Bug #68964 MySQL Cluster Forced node shutdown internal error
Submitted: 15 Apr 2013 19:00 Modified: 10 Jan 2014 3:02
Reporter: Matthew Boehm Email Updates:
Status: Not a Bug Impact on me:
None 
Category:MySQL Cluster: Cluster (NDB) storage engine Severity:S1 (Critical)
Version:ndb-7.2.12 OS:Linux (CentOS 6.4)
Assigned to: CPU Architecture:Any
Tags: forced shutdown, Internal error, MySQL Cluster

[15 Apr 2013 19:00] Matthew Boehm
Description:
We have a 2 NDB node setup. Node1 was powered off to move the hardware. Upon turning it back on and restarting ndbmtd, it worked for over 36hrs and still had not come online. We killed the process and added 

BuildIndexThreads=16
TwoPassInitialNodeRestartCopy=true

to help speed up the recovery of the node.

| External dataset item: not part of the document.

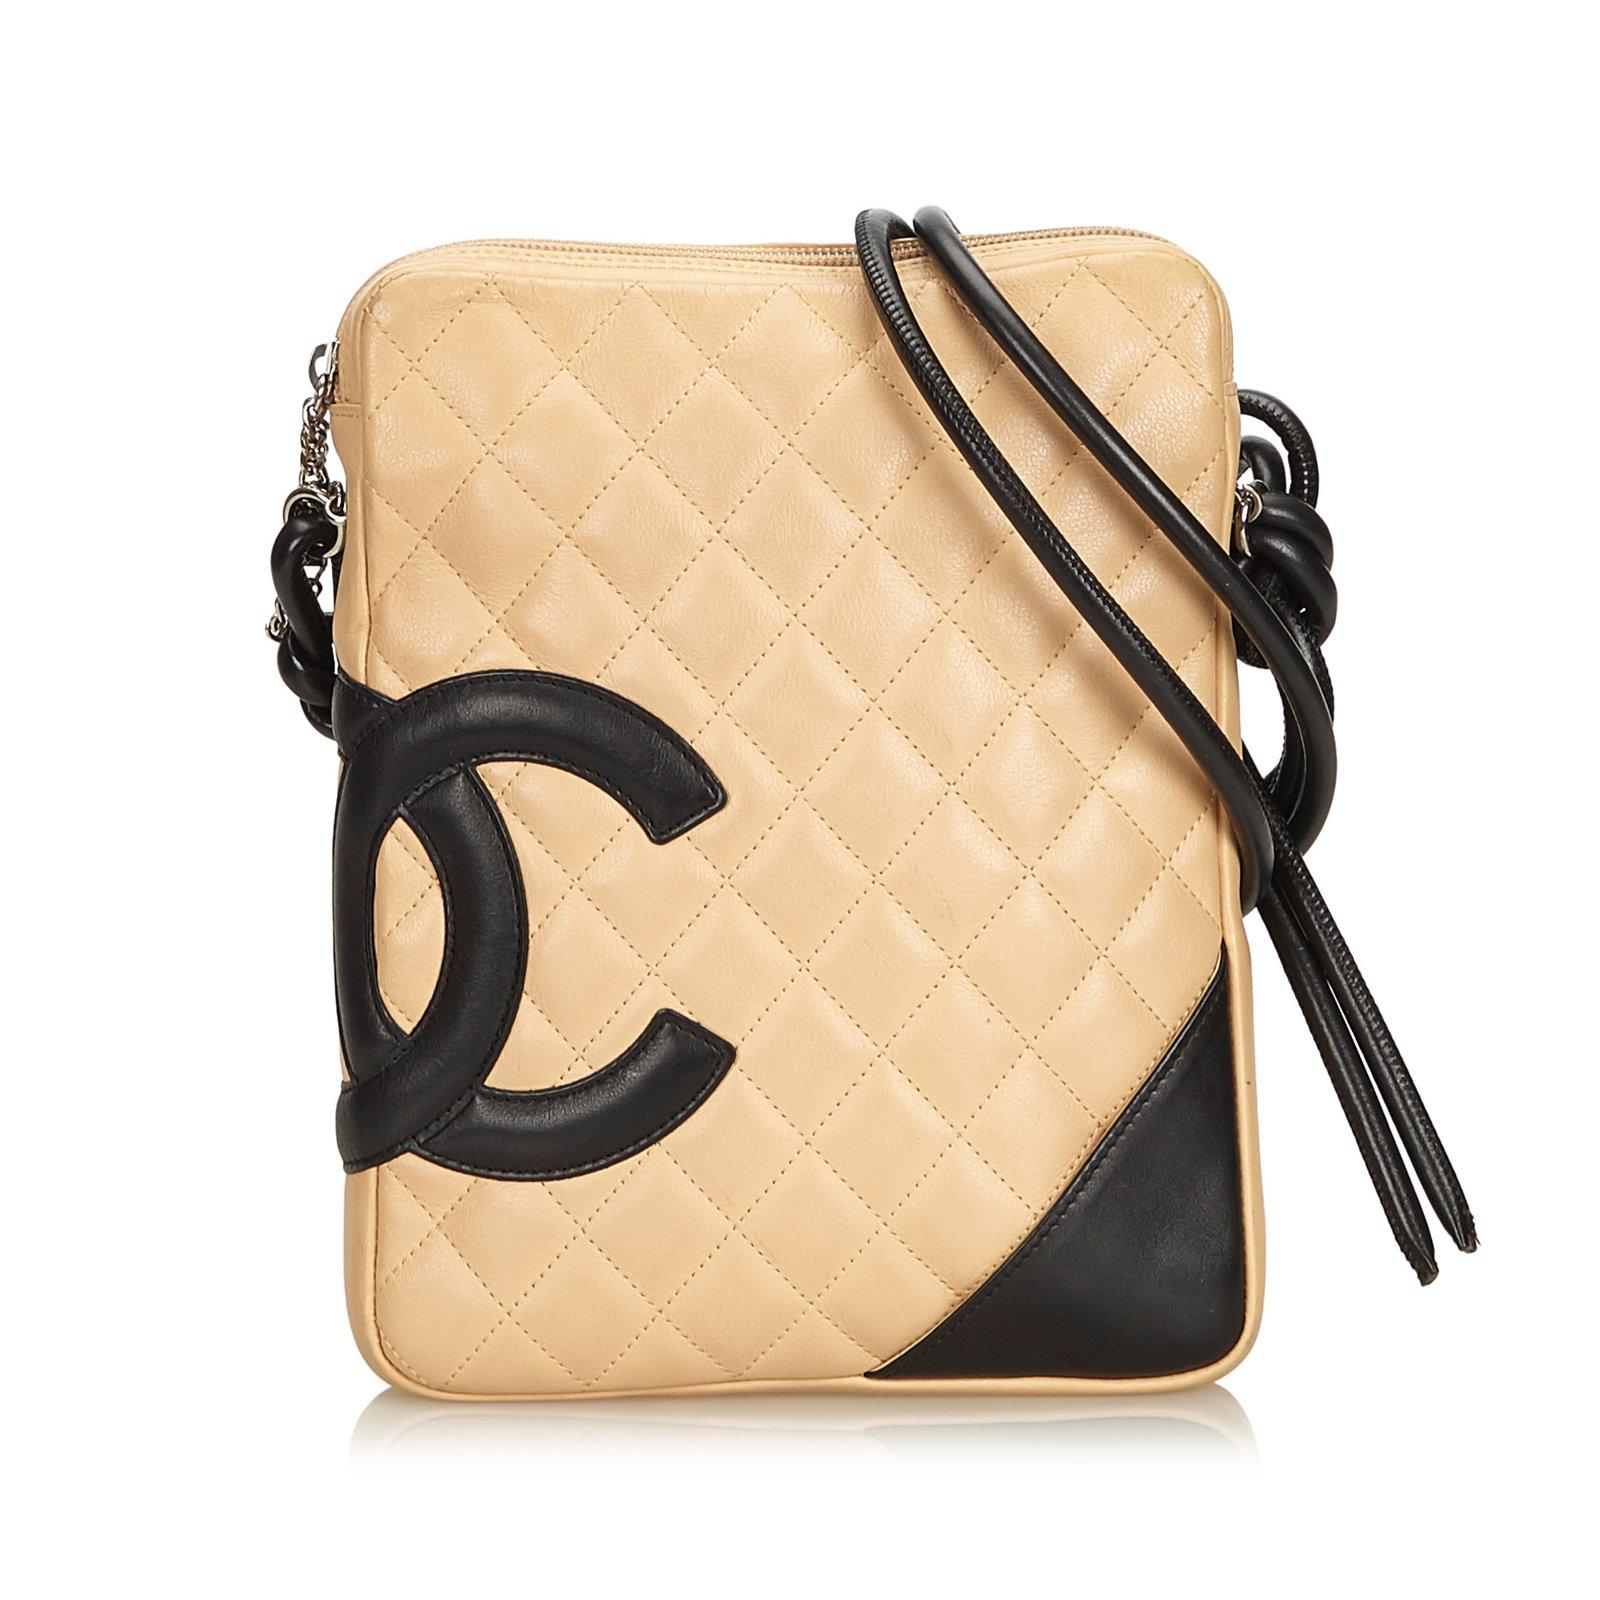 0454ddba350a Sacs à main Chanel Cambon Ligne Crossbody Bag Cuir Marron,Noir,Beige ref.
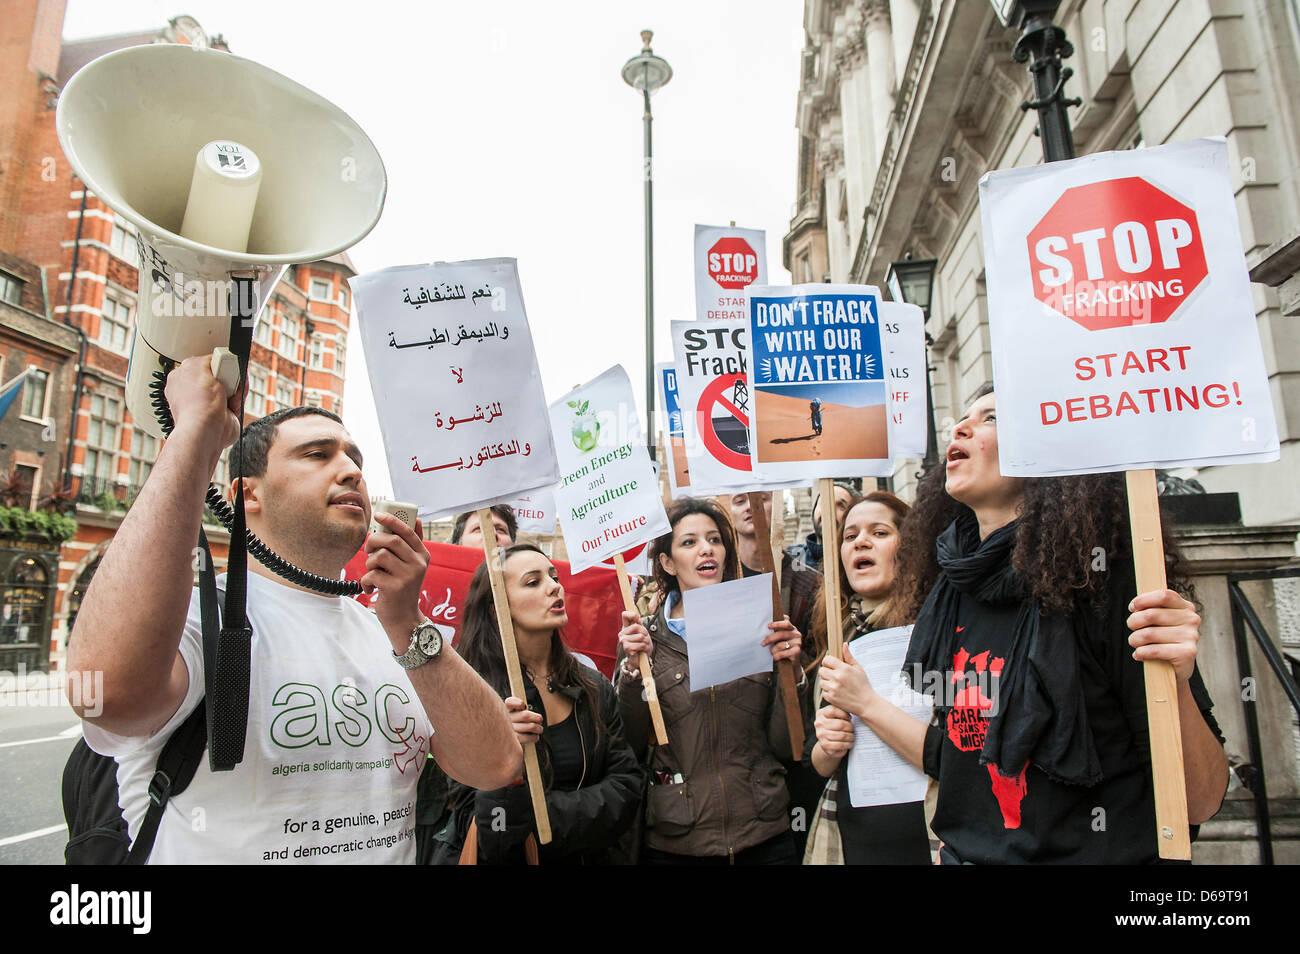 algerian escort london

Twice now, the node has died with this error:

2013-04-15 16:38:21 [ndbd] ALERT    -- Node 3: Forced node shutdown completed. Occured during startphase 5. Caused by error 2303: 'System error, node killed during node restart by other node(Internal error, programming error or missing error message, please report a bug). Temporary error, restart node'.

Any ideas?

How to repeat:
Restart node with attached config

Suggested fix:
Unknown
[10 Jan 2014 3:00] MySQL Verification Team
Supplied logs show:
....
2013-04-15 18:33:50 [ndbd] INFO     -- Killed by node 3 as copyfrag failed, error: 1501
2013-04-15 18:33:50 [ndbd] INFO     -- NDBCNTR (Line: 277) 0x00000006
2013-04-15 18:33:50 [ndbd] INFO     -- Error handler shutting down system
2013-04-15 18:33:50 [ndbd] INFO     -- Error handler shutdown completed - exiting
2013-04-15 18:34:06 [ndbd] ALERT    -- Node 3: Forced node shutdown completed. Occured during startphase 5. Caused by error 2303: 'System error, node killed during node restart by other node(Internal error, programming error or missing error message, please report a bug). Temporary error, restart node'.

The copyfrag failed error shows error 1501 as the cause.

$ perror --ndb 1501
 
NDB error code 1501: Out of undo space: Temporary error: Temporary Resource error

This is usually due to configuration settings being too small for the Cluster, or that the transactions are not being committed appropriately.

Will mark it not as a bug, since it is not an issue with Cluster.